Workshop on Nonverbal Cues for Human-Robot Cooperative Intelligence

About the Workshop

This workshop is dedicated to discussing computational methods for sensing and recognition of nonverbal cues and internal states in the wild to realize cooperative intelligence between humans and intelligent systems. We gather researchers from different expertise, yet having the common goal, motivation, and resolve to explore and tackle this delicate issue considering the practicality of industrial applications. We are calling for papers to discuss novel methods to realize human-robot cooperative intelligence by sensing and understanding humans’ behavior, internal states, and to generate empathetic interactions.

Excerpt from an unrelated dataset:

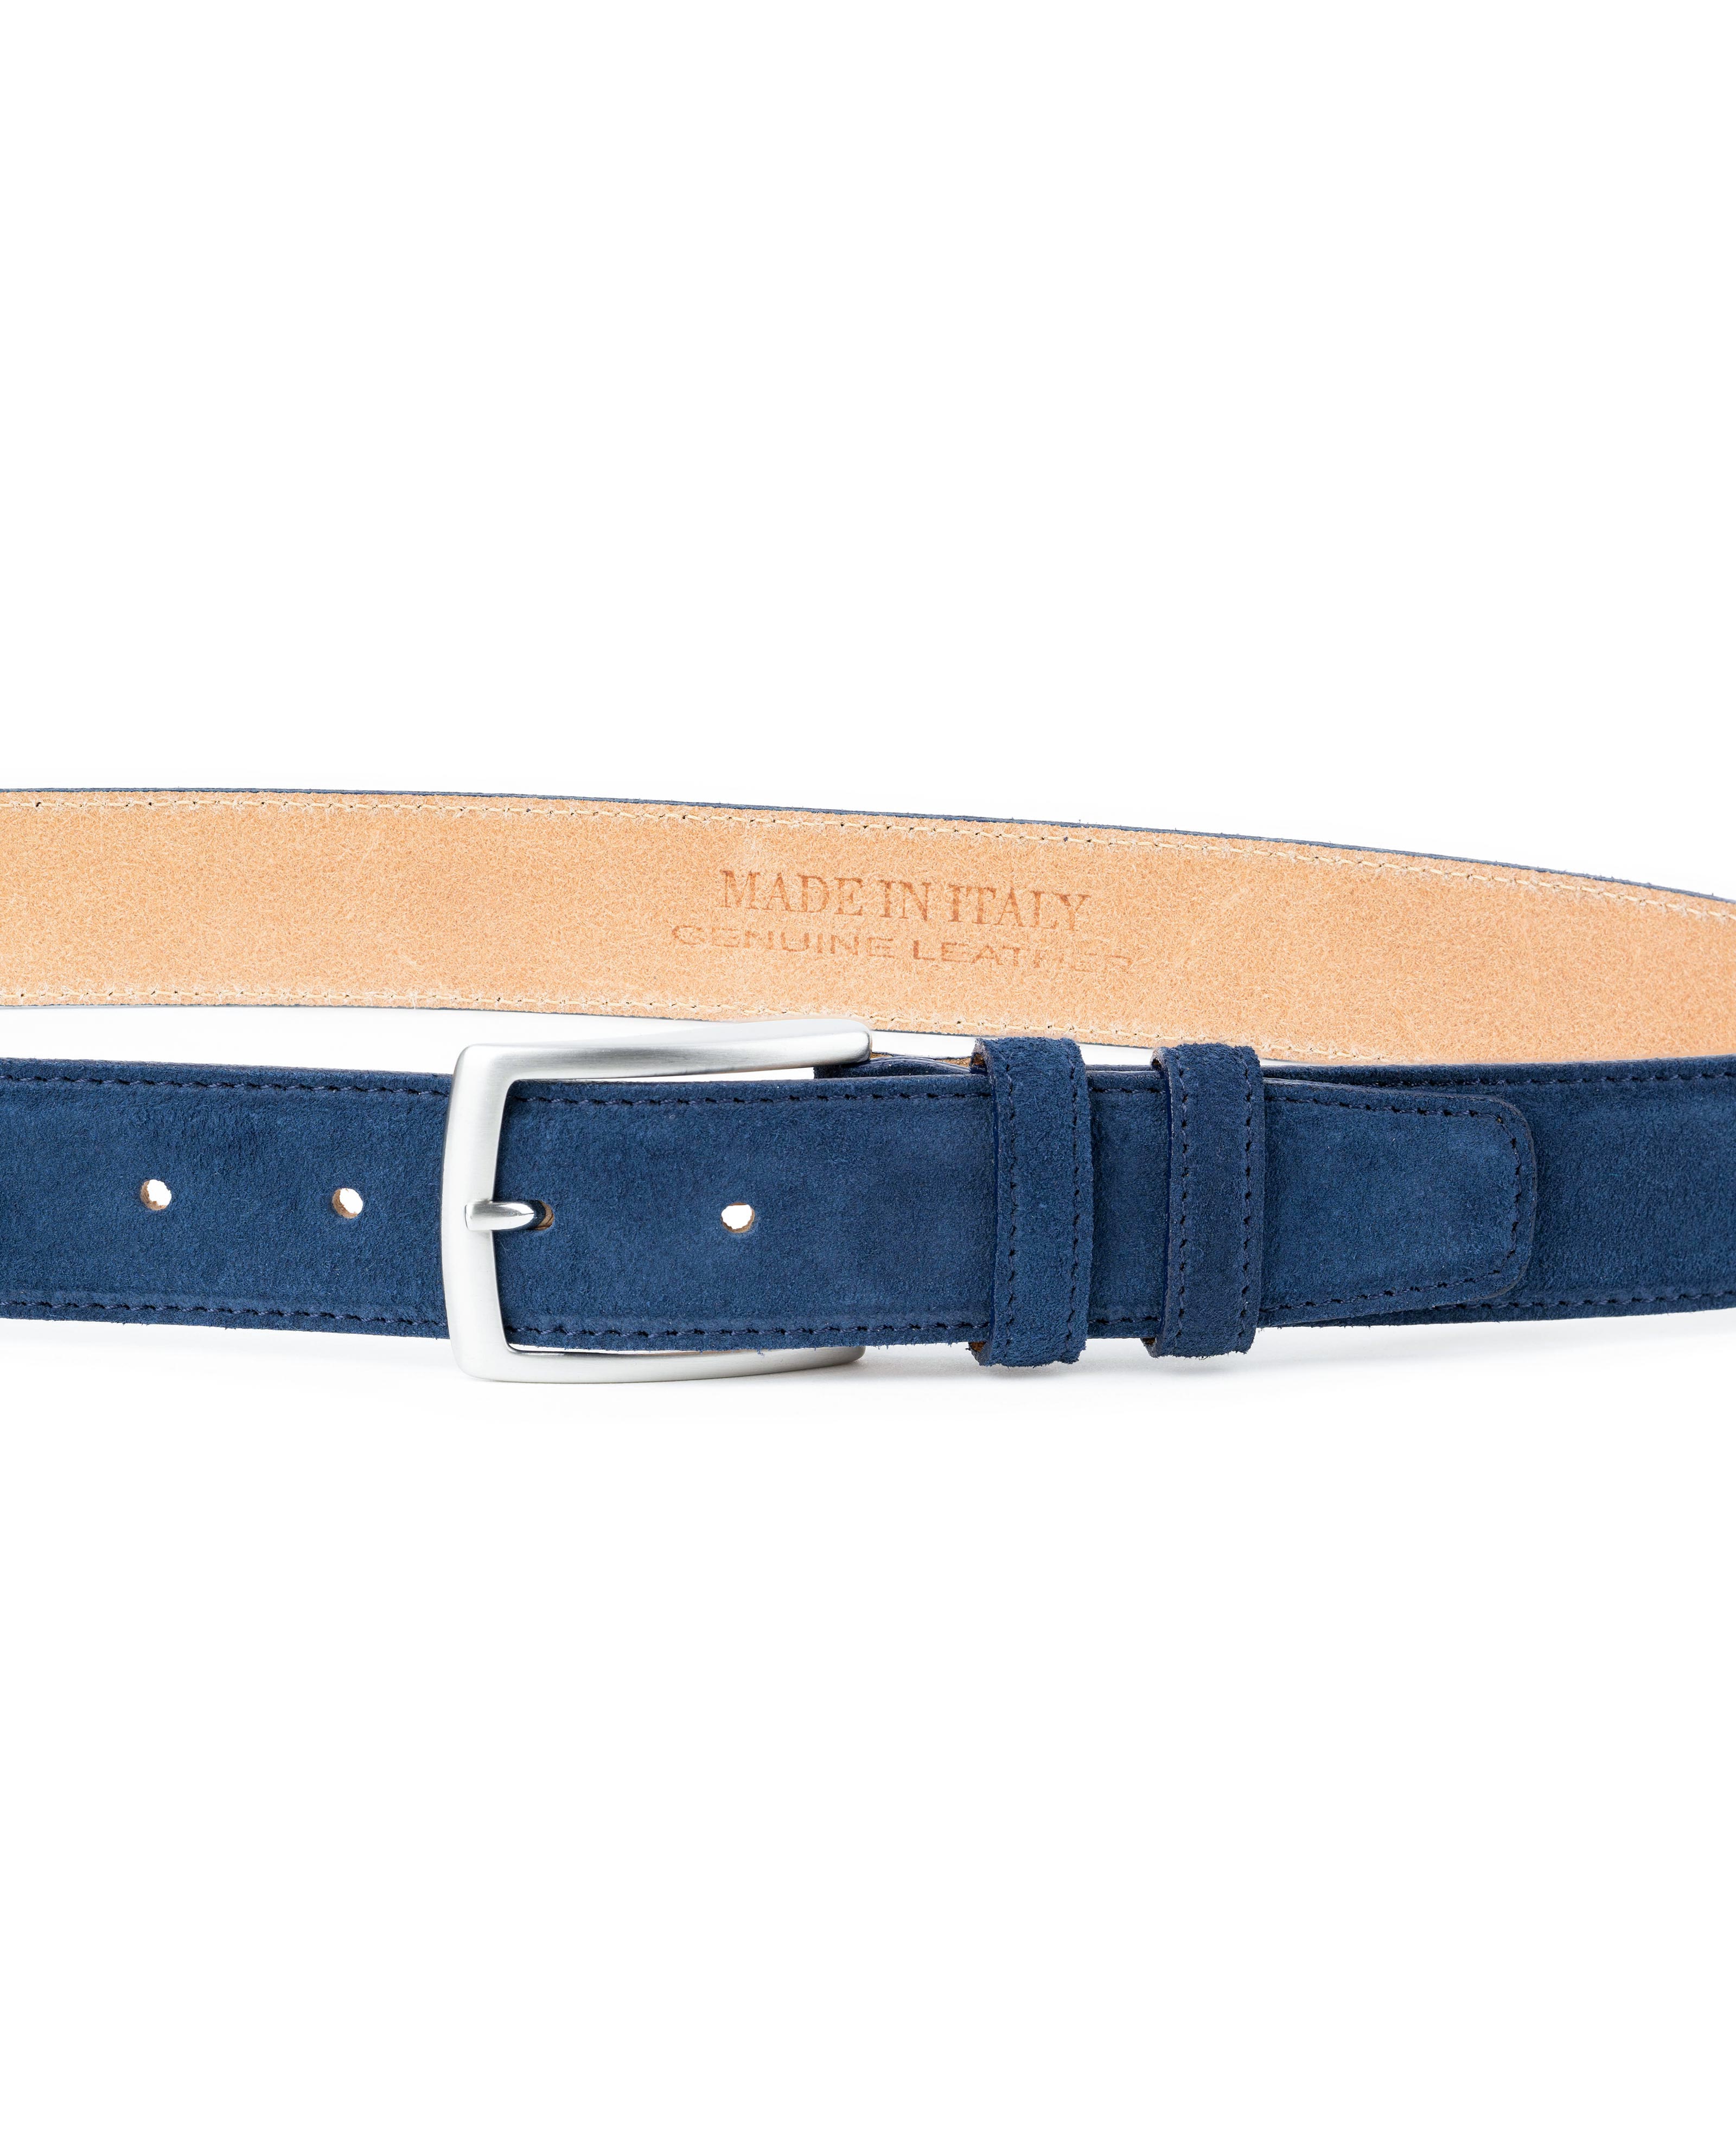 Dark Blue Suede Belt Men's belts Genuine Italian Leather Navy casual Capo Pelle

  • Human internal state inference, e.g., cognitive, emotional, intention models.
  • Recognition of nonverbal cues, e.g., gaze and attention, body language, para-language.
  • Multi-modal sensing fusion for scene perception.
  • Nonverbal behavior generation for robots/agents, e.g., gaze salience, gesture.
  • Synchronization of nonverbal and verbal behavior
  • Learning algorithms for cooperative intelligence, e.g., imitation learning.
  • Generative and adversarial algorithms to enhance human-robot interaction, e.g., LLMs, diffusion models, VLMs.
  • Empathetic interaction between humans and intelligent systems.
  • Robust sensing of facial and body key points.
  • Social interaction dynamics modeling, e.g., harmony level, engagements.
  • Personalization of intelligent systems from nonverbal cues and trust evaluation.
  • Applications of cooperative intelligence in the wild.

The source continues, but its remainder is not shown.